I’m convinced that when I bring hogs, lambs or steers to get processed that they can sense death. I think they can smell blood perhaps even death as an eerie sense of quiet fills the stock trailer of critters as I back to the pens for weight and processing. Again I thought what is Sox thinking? Does he know? I wondered. I stroked him gently and whispered “Goodbye Buddy” as we stood next to the hole. As I slipped his halter off his nose I was asked by “Doc” if I was ready. As a rancher and former rodeo cowboy I did not expect what happened next.

But, it was time.

I have witnessed horror and even death in my lifetime, but I cold not witness this. As I turned and walked away Sox, without neither coaxing, nor any voice command and now standing there without a halter or lead rope turned and followed me as if trying to tell me something. I looked to my side and watched as this magnificent animal followed me stride for stride. The “Doc” hollered “I’ll give you two some time”. I continued to walk away form the site. Sox walked next to me with a sense of calm I have never seen before. I stopped….he stopped.
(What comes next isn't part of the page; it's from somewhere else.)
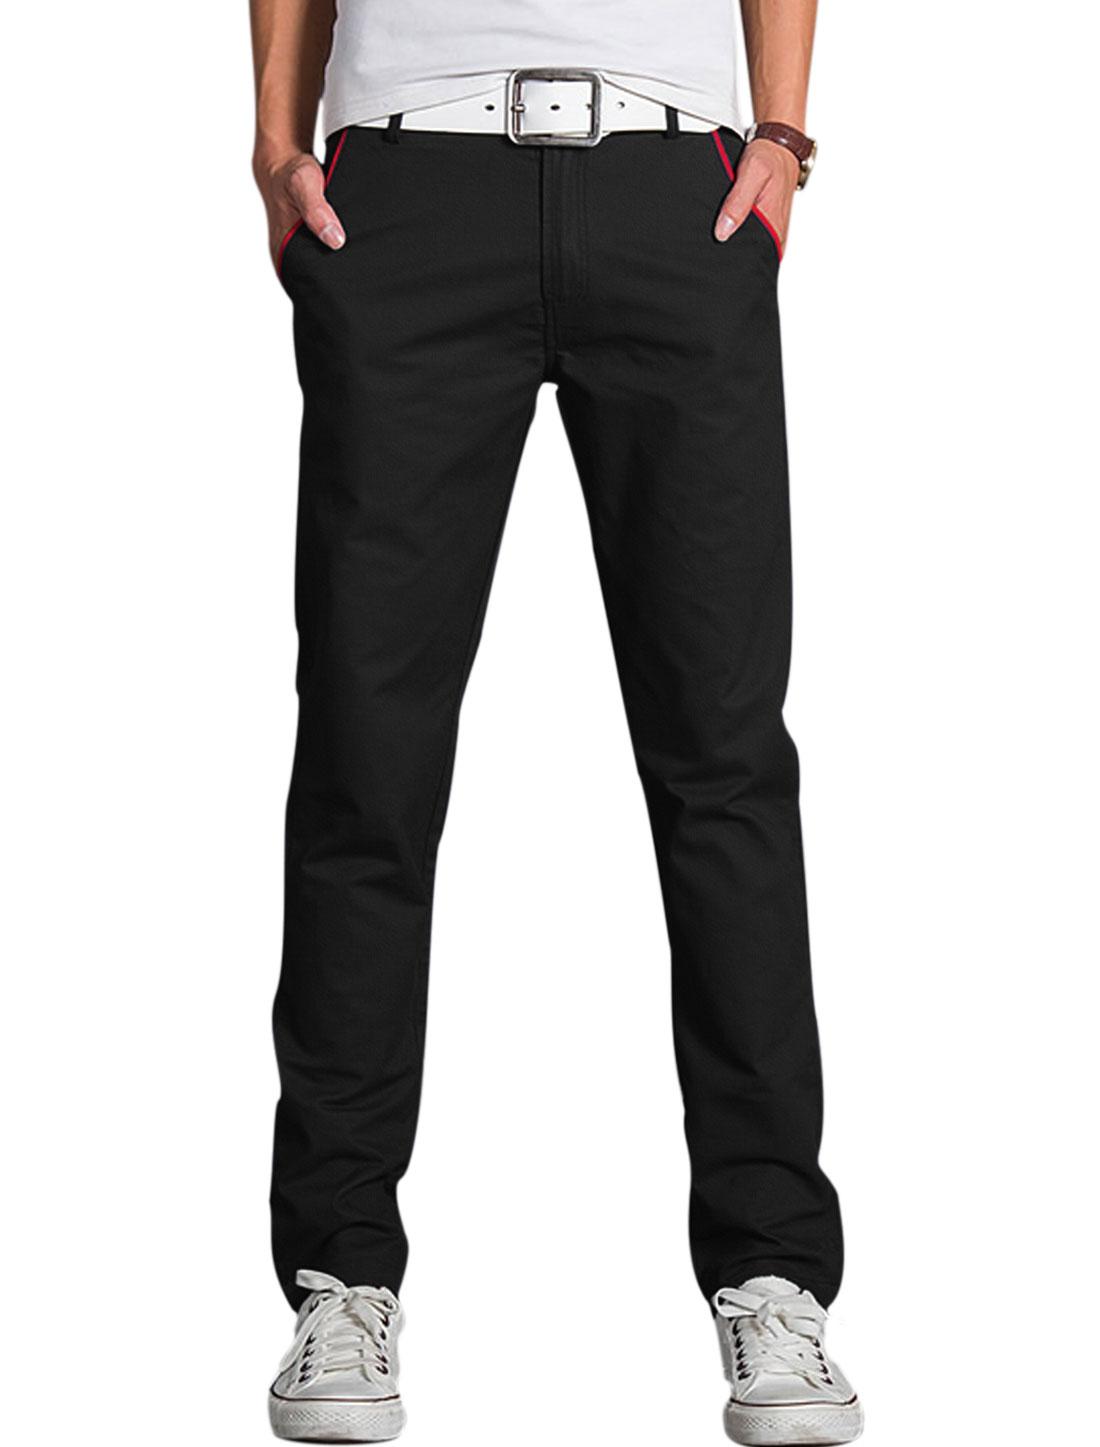 Men Mid Waist Zip Fly Slim Fit Casual Pants Black W36
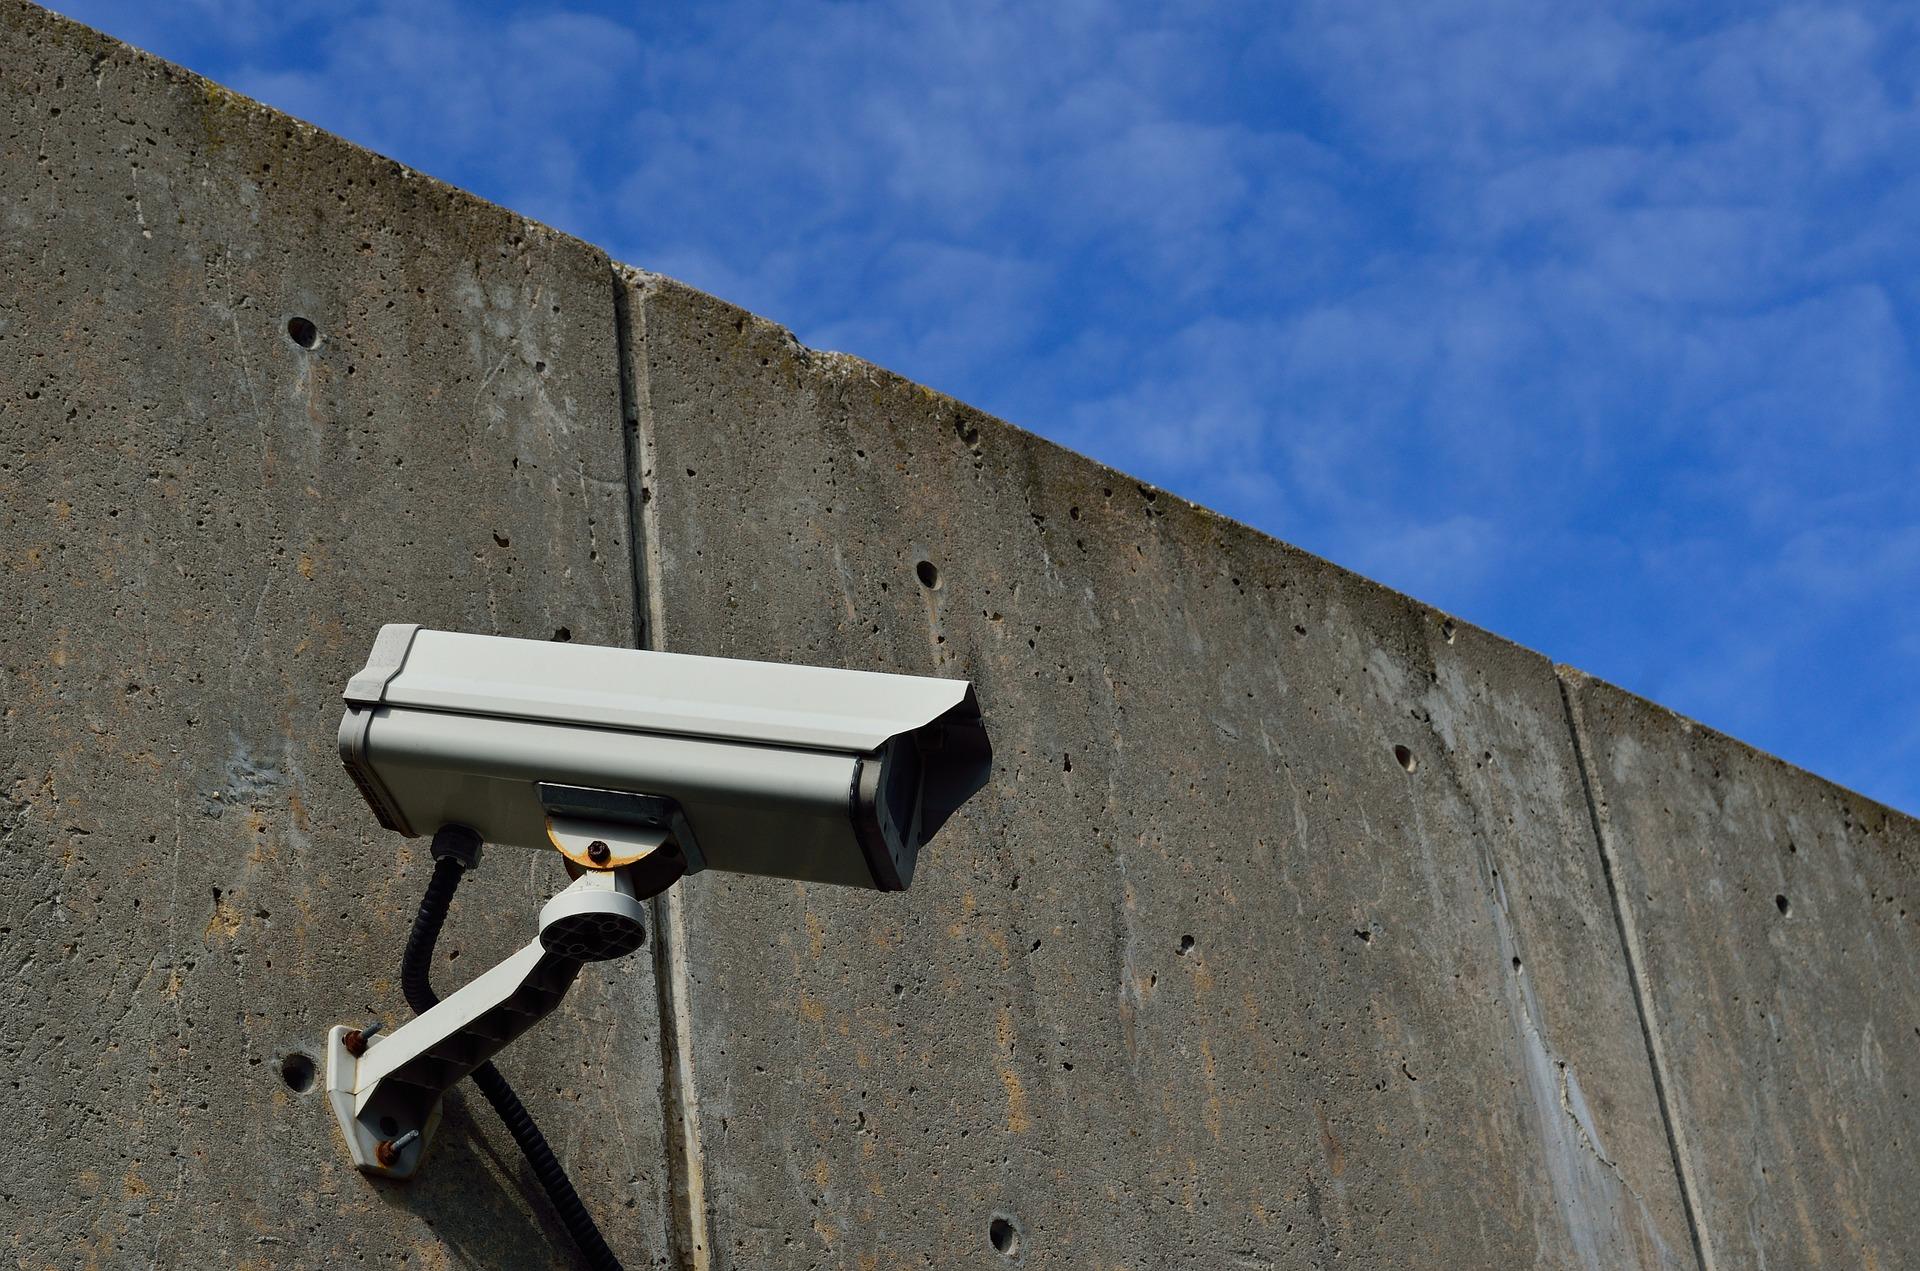 Privacidad o vigilancia

I walked on…he walked on. All the time staying unusually close. As I returned to the corral I have to admit a tear came down my face as I looked at that critter. Standing next to me, again with nothing on his face he patiently waited for me to open the gate. After considerable thought and solitude I dropped the chain from the gate post and Sox walked past me and cautiously returned to his draft horse buddies.

But, it was time.

When I returned to the north pasture alone, I could see “Doc” opening the back of the truck and putting away the required drugs to put him down. As I looked beyond the pasture to the beautiful Colorado Mountains I enjoyed a remarkable sunset filled with bright orange and pink. I gave a big sigh, one I have heard so many times before from Sox as he shows his contentment and calm when we work together.

It was time…but not this day, my friend.